Daily market key data review and trend analysis, produced by PANews.
Macroeconomic Market
The global central bank's "hawkish hold" has shattered the bulls' defense line. Federal Reserve Chairman Powell stated that interest rate cuts this year are unlikely unless there is progress on inflation. The high interest rate environment combined with inflation concerns has led to a collective flash crash in precious metals and industrial metals. Gold plummeted 6% yesterday, dropping to near the $4500 mark, hitting a six-week low, while Silver flashed a 12% crash during trading and eventually closed down 3.3%. LME Aluminum also recorded its largest single-day drop since 2018 (nearly 8%). Peter Boockvar from One Point BFG pointed out that inflation risk is diminishing rate cut expectations, and rising global interest rates are mercilessly dragging down precious metals. Although Yardeni Research believes a 70s-style stagflation is unlikely to reoccur, Goldman Sachs' Christian Mueller-Glissmann firmly believes that if stagflation does arrive, gold will still be a core asset choice.
It is noteworthy that Wall Street will face options expiration with a nominal value of up to $5.7 trillion on Friday, setting a record for Citi since records began in 1996 for March settlements. This expiration includes $4.1 trillion in index contracts, $772 billion in ETF options, and $875 billion in individual stock options.
Crude Oil Market
As of March 20, the military conflict between the U.S., Israel, and Iran has entered its 21st day, resulting in over 4,100 deaths. In response to soaring oil prices, Trump demanded Israeli Prime Minister Netanyahu stop attacks on energy infrastructure and announced a waiver of Russian oil sanctions until April 2026, promising to "take all necessary measures to maintain stable oil prices."
Recently, Israel launched a military strike on Iran's South Pars gas field, prompting a rapid counterattack from Iran, with the conflict spreading to energy facilities in Qatar, Saudi Arabia, and other Middle Eastern countries. The Middle Eastern energy supply chain has suffered a devastating blow, with European natural gas futures soaring up to 35%, while Qatar Energy's CEO helplessly revealed that 17% of the country’s LNG production capacity has been damaged, leading to annual losses of up to $20 billion, with repairs needing 3 to 5 years. After drone attacks, fires broke out at Saudi Arabia's Yanbu refinery and two refineries in Kuwait.
The Iranian Foreign Minister warned that if energy facilities are attacked again, Iran will no longer restrain itself and will promote plans to impose taxes on vessels passing through the Strait of Hormuz. Currently, shipping security issues in the Strait of Hormuz have attracted the attention of multiple countries.

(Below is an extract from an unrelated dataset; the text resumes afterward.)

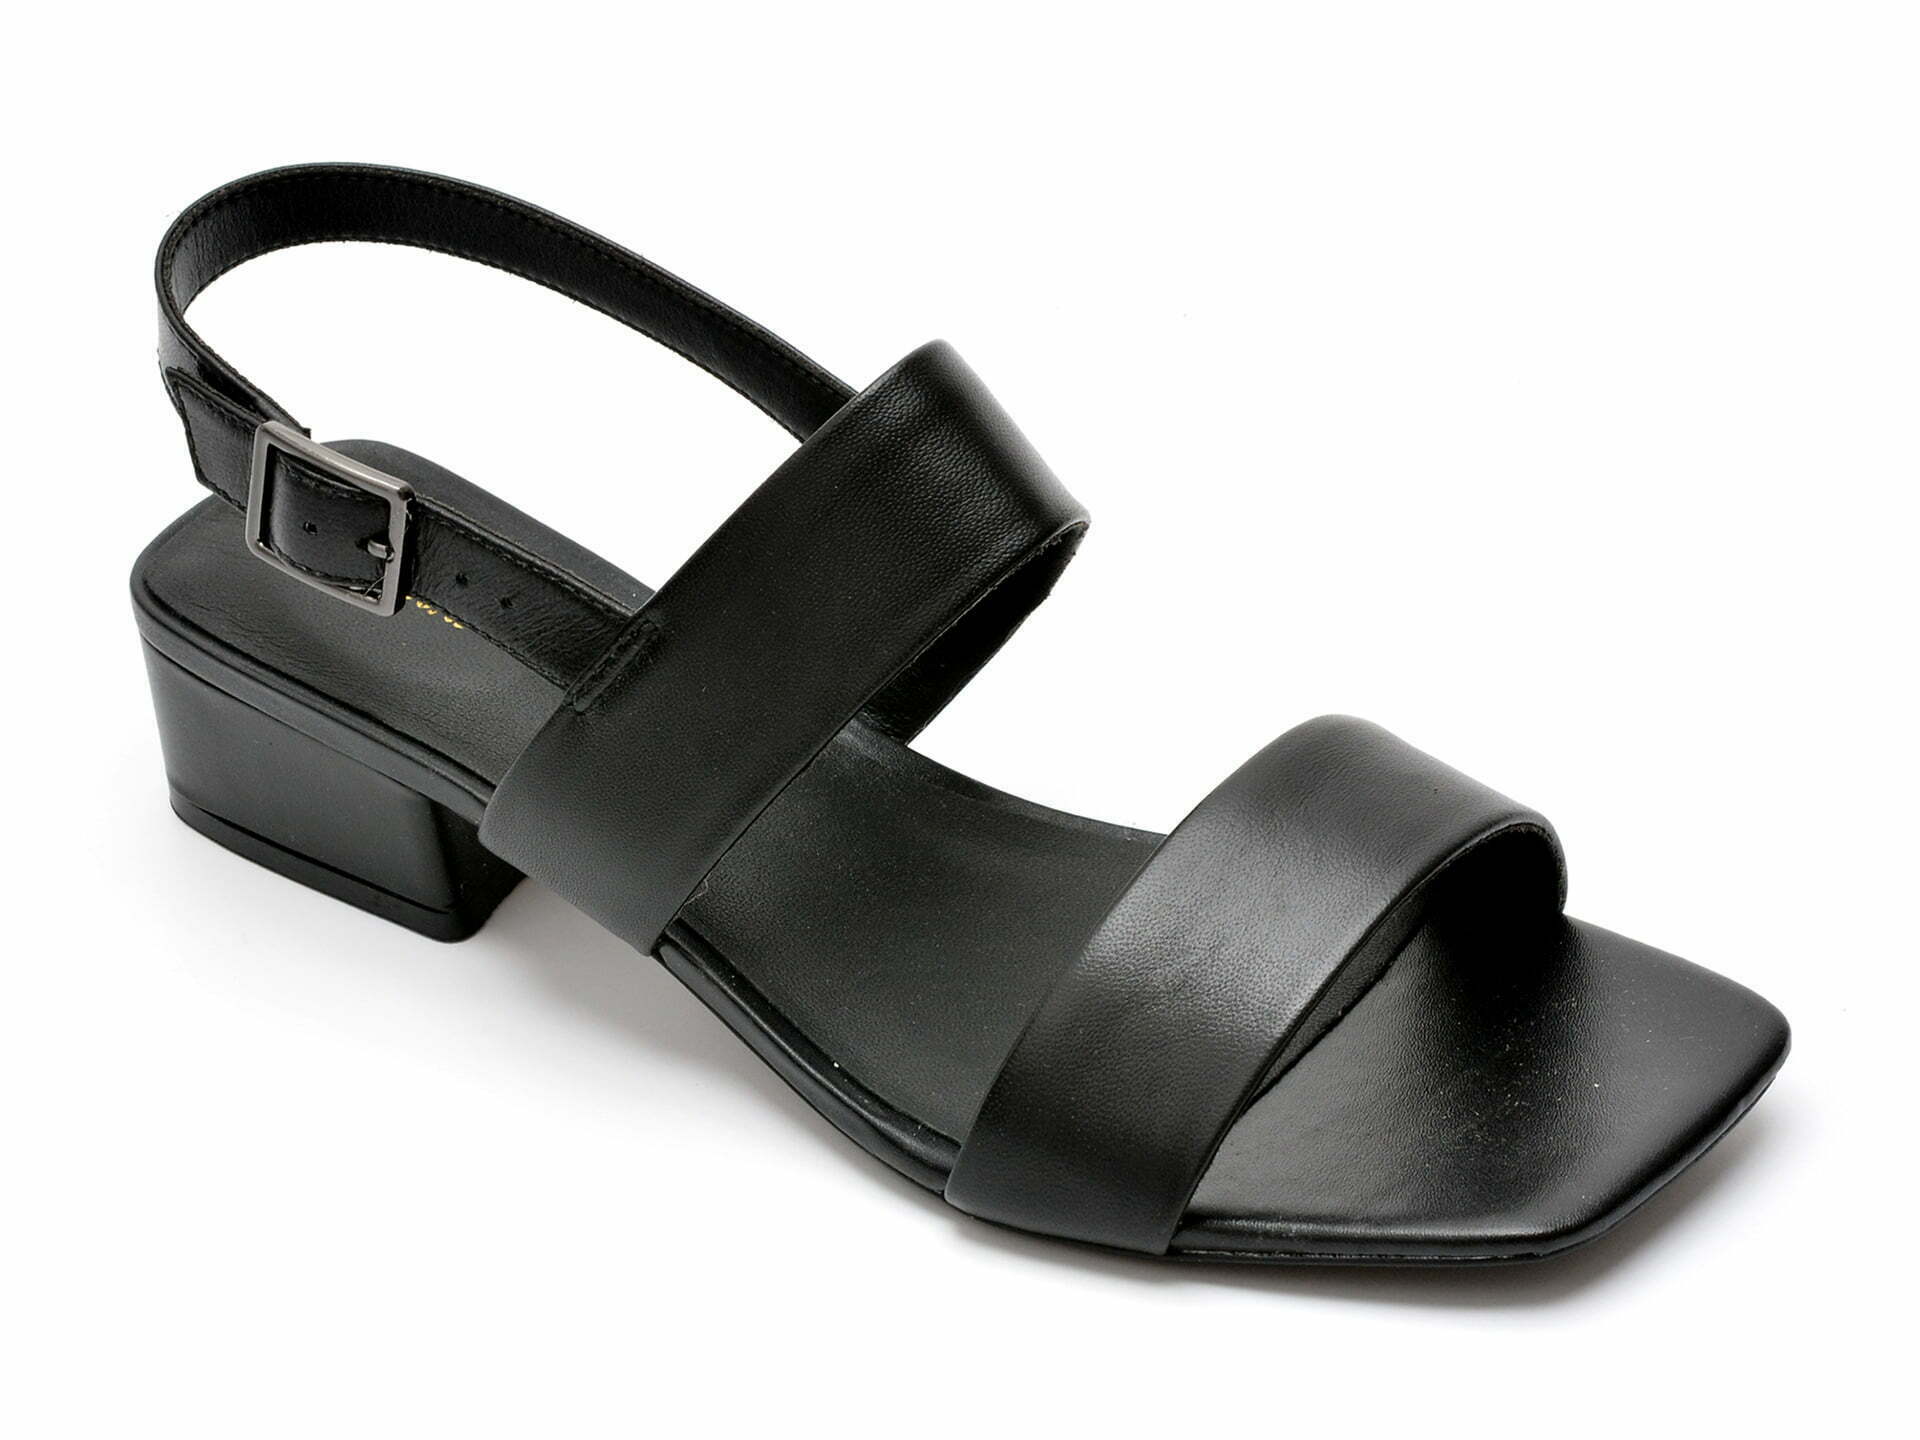 Comandă Încălțăminte Damă, la Reducere  Sandale CLARKS negre, SER25ST, din piele naturala Branduri de top ✓

A joint statement was issued by the UK, France, Germany, and five other countries, promising to work to stabilize the energy market, although no concrete actions have been outlined.
The price of Brent crude oil surged 10% to $119 per barrel on Thursday before sharply retreating; WTI crude oil also briefly exceeded $100 but then fell over 8% from its intraday high; while Dubai oil price reached a historic high of $177. Barclays believes that as long as WTI is controlled around $95, the impact on U.S. stocks will remain relatively manageable. Wood Mackenzie warned that oil prices reaching $200 per barrel by 2026 is not impossible; CIBC's Rebecca Babin bluntly stated that if the war drags into June, oil prices could reach $180.
Bitcoin Market
Bitcoin encountered strong resistance after reaching a local high of $76,000; dragged down by a decline in U.S. stocks and the Fed's hawkish decisions, the price has dropped to below $69,000, currently hovering around $70,500. Today, there are BTC options with a nominal value of $1.6 billion and ETH options with a nominal value of $370 million expiring, among which the maximum pain point for BTC is $70,000 and the maximum pain point for ETH is $2,150. Analyst Adam from Greeks.live indicated that the current implied volatility for major BTC contracts is 50% and for ETH is 70%, while the decline in actual volatility has led to an ongoing rise in volatility risk premium, with market sentiment leaning toward conservatism. Unless an unexpected event occurs, Bitcoin may enter a low-volatility trading period.
Bearish Views
Core Logic: Macroeconomic pressure and the breaking of technical structures resonate, facing significant resistance above, and the market is likely to enter a prolonged period of oscillation downward or deep correction.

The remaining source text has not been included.